Semiflex printed circuit board: the low-cost alternative to rigid-flex
Semiflex is regarded as a cost-effective alternative to Rigid-flex-technology. The absence of flex foils lowers the price, but also reduces the bending properties. The moving areas are created here by deep milling in the FR4 PCB, the remaining thickness is only approx. 150 µm. The PCB can therefore be bent in this area together with the conductor tracks placed on it and the flex lacquer or cover film applied over the conductor tracks. In contrast to rigid-flex technology, the bending radius must be at least 5 mm. The Semiflex structure is well suited for static bending stress during assembly and installation. In the simplest case, part of the PCB can be bent after assembly and fixed in this position during installation in the control cabinet.
One example of this technology is the newly developed test bench from LSP Innovative Automotive Systems for the automotive sector. This test bench is used for the electromotive control of the 16 gas exchange valves of a research combustion engine. For assembly and space reasons, the control unit of four valves of a cylinder is combined into a U-shaped module. Test bench measurement signals are recorded in the central part of the circuit board and must be distributed to the side wings. As a solution with plug connectors was too large for the available installation space, semiflex technology was chosen as the most suitable and cost-effective PCB technology.

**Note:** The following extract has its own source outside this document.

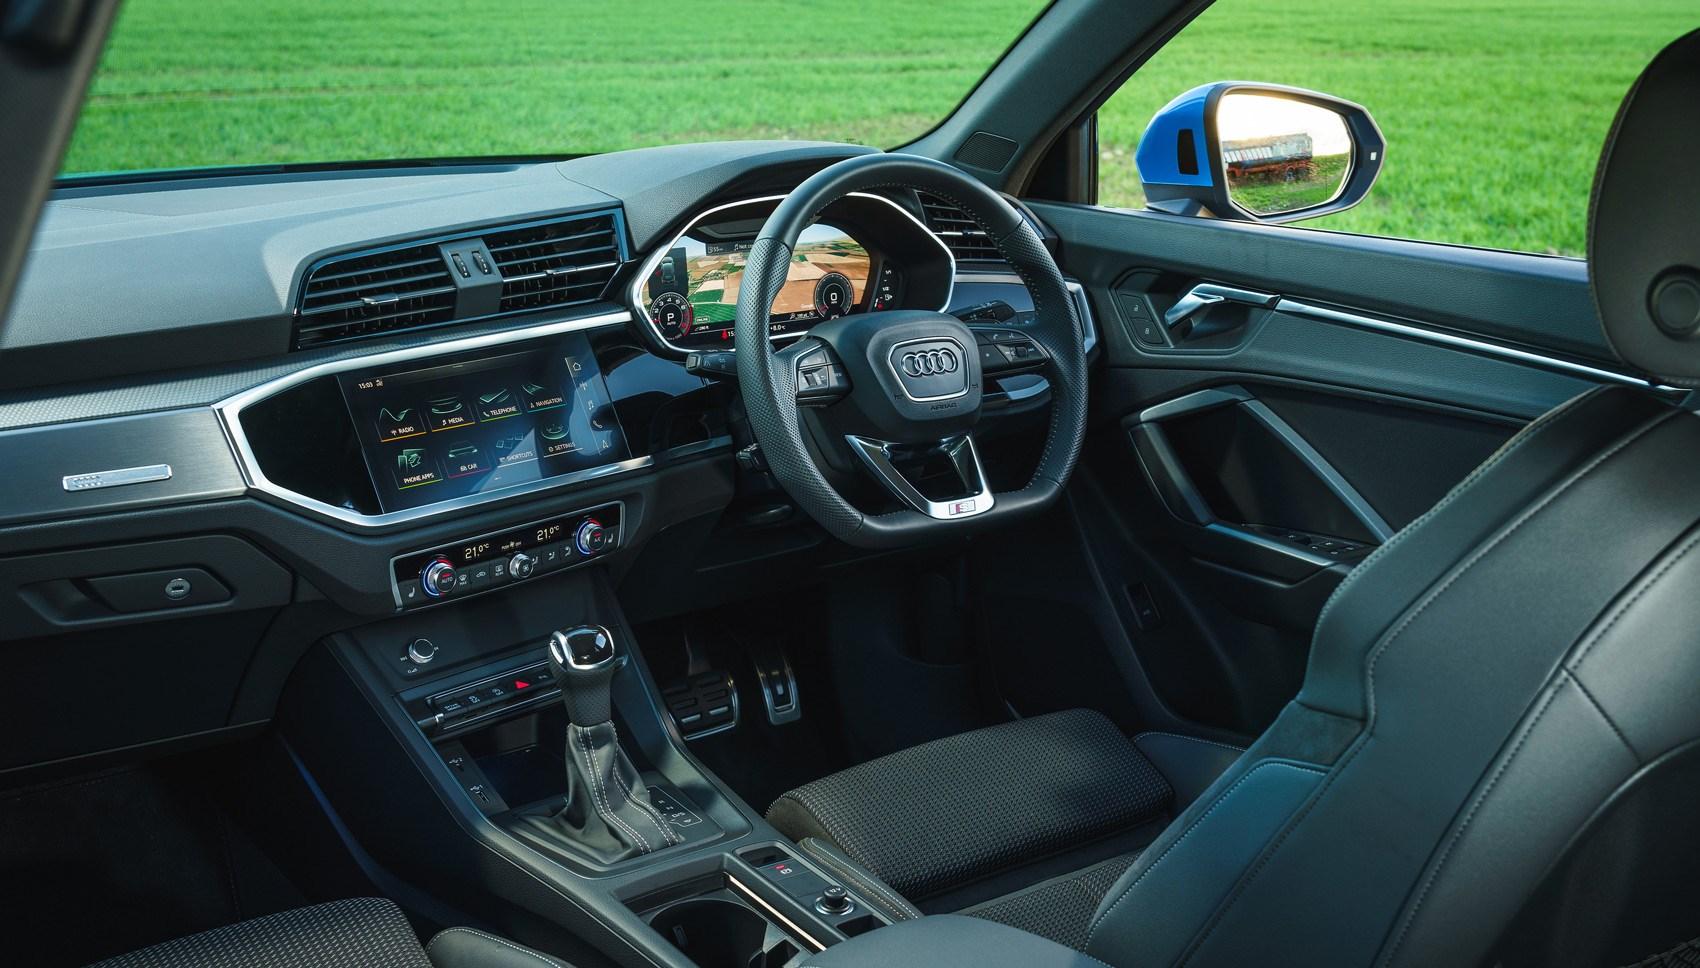 New Audi Q3 (2019) review: master of none | CAR Magazine

When flat, the Semiflex printed circuit board measures 413 mm x 276 mm and consists of six layers of 70 µm copper each. The areas to be bent by 90° during assembly have a length of 8.5 mm and the total width of all bending areas is 426 mm. A total of 195 conductor tracks are laid across the four semi-flexible areas. Bent twice by 90°, the PCB only requires a volume of 175 mm x 67 mm x 276 mm when assembled. The current routing to the power components and even the heat dissipation could be realized with embedded copper profiles on the same PCB.
3D printed circuit boards: three technologies, three examples (Part 1)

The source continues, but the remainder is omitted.